The other core elements of the week that stood out to me, because I could genuinely talk about the whole experience for hours if you asked me to, have to be the food and the friendships. Due to being fairly off grid the entire (vegetarian with vegan options) menu had been planned in advance; I remember seeing the fridge on the first day packed to the brim with an assorted rainbow of fruits and vegetables and internally squealing with joy at the prospect of eating them all. Cooked by retreat volunteers Gabi and Jill, regular favourites of homemade porridge, chia puddings and an abundance of fresh foods appeared each day, alongside a carousel of salads, stews and grains through the day. It was incredibly nutrient dense, and the kind of eating rhythms I aim to achieve in my own life one day (I’m not quite there yet). The main sugar was found in the form of local honey, herbal teas and fresh coffee were always on hand, and various bowls piled high with fruit were only ever a few feet away if you fancied a snack.
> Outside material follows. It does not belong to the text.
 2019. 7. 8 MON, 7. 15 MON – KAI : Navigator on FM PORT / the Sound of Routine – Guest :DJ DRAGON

Despite probably eating more than I ever would on a normal day at home, I never felt bad after eating. I felt full and I felt fuelled, and I felt a healthier relationship with both food and my body than I have in a long, long time. Even with my slightly skewed insides having a little grumble.
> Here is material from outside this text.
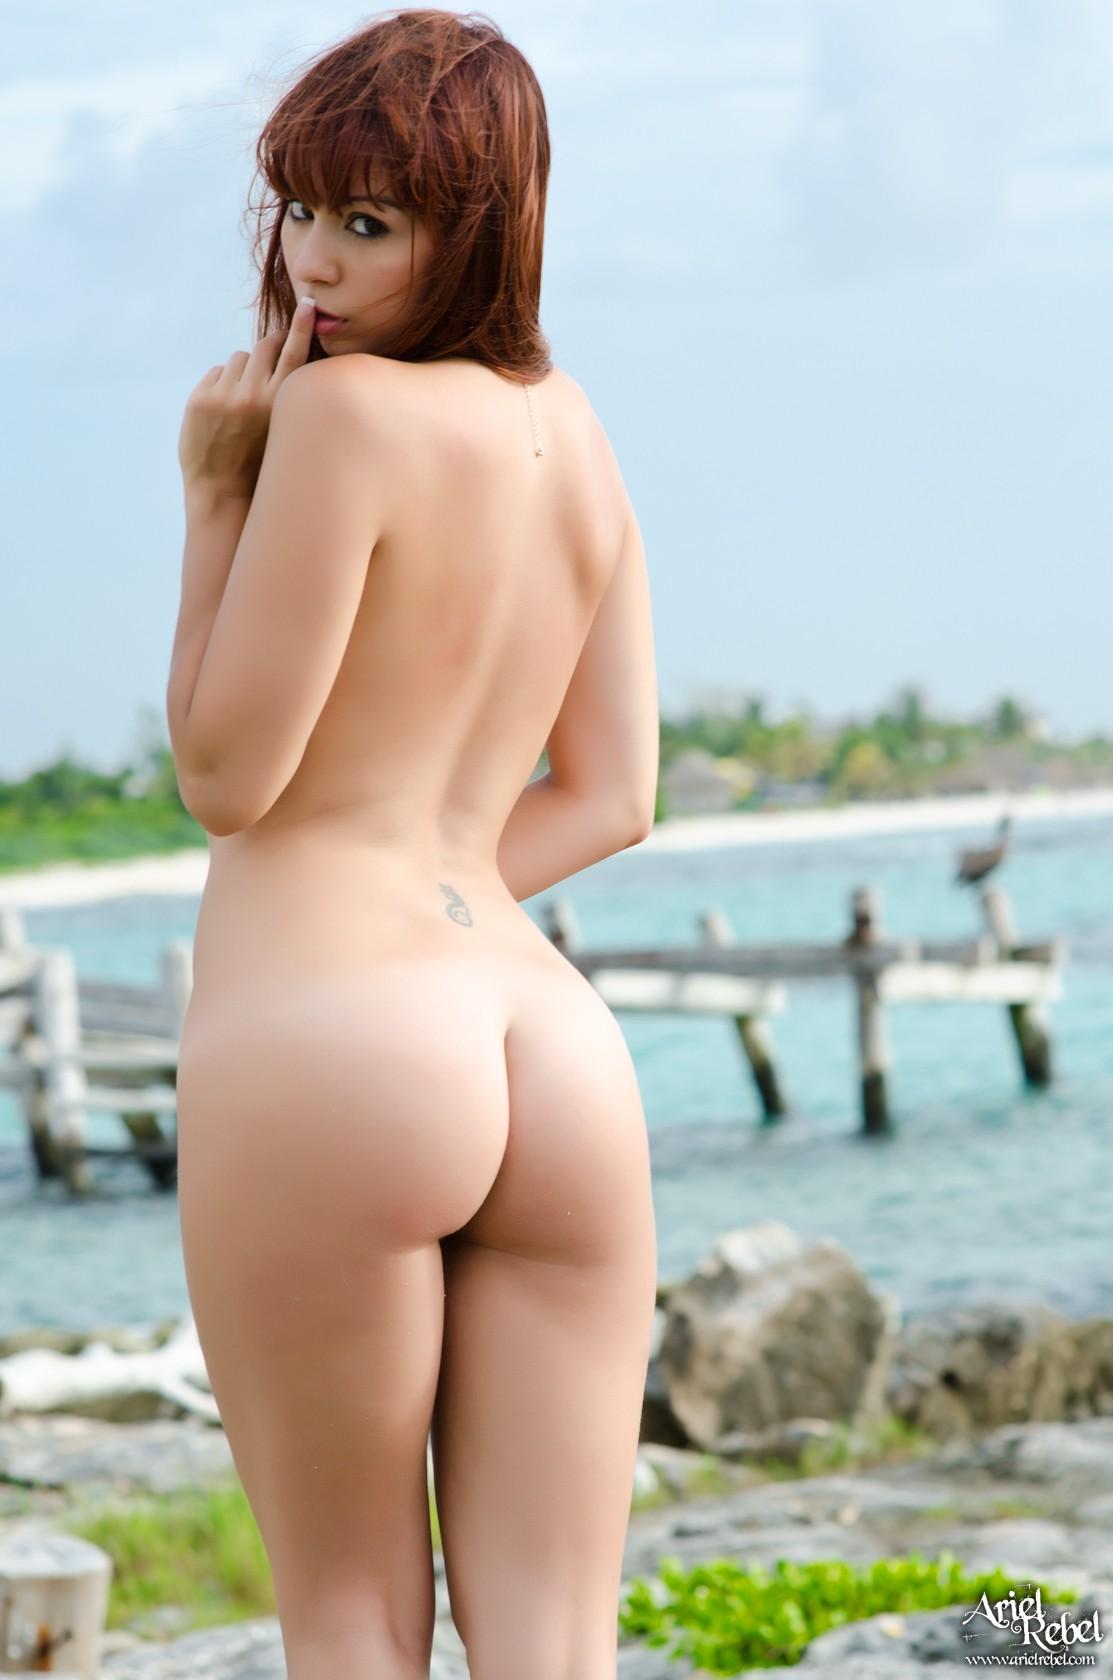 Ariel rebel beach for

On many days it also rained, again removing my preconceived notion that we’d be sweating away under European sun, forcing our way into some sort of peak physical condition. Instead, the rain drew us inward, and towards each other. Alongside the other EWC gals – Holly, Alden, Annie, Florine, and photographer Monique – we were also joined by four other beautiful women alongside those running the retreat. Each person there was completely unique and special in their own way. We started the week as strangers. Our first breakfast together on the Monday morning was held in a kind of hushed quiet; only gentle conversations that were just above a whisper floated through the air as we came together for the first time. By the last evening, the Friday night, we laughed loud and late into the night over glasses of local wine, joking and animatedly discussing all sorts of topics like the firmest of old friends. I shared a room with Annie, who I had never met in person before, and by the last night nearly everything she said had me in stitches of laughter. I still miss her deadpan one liners now.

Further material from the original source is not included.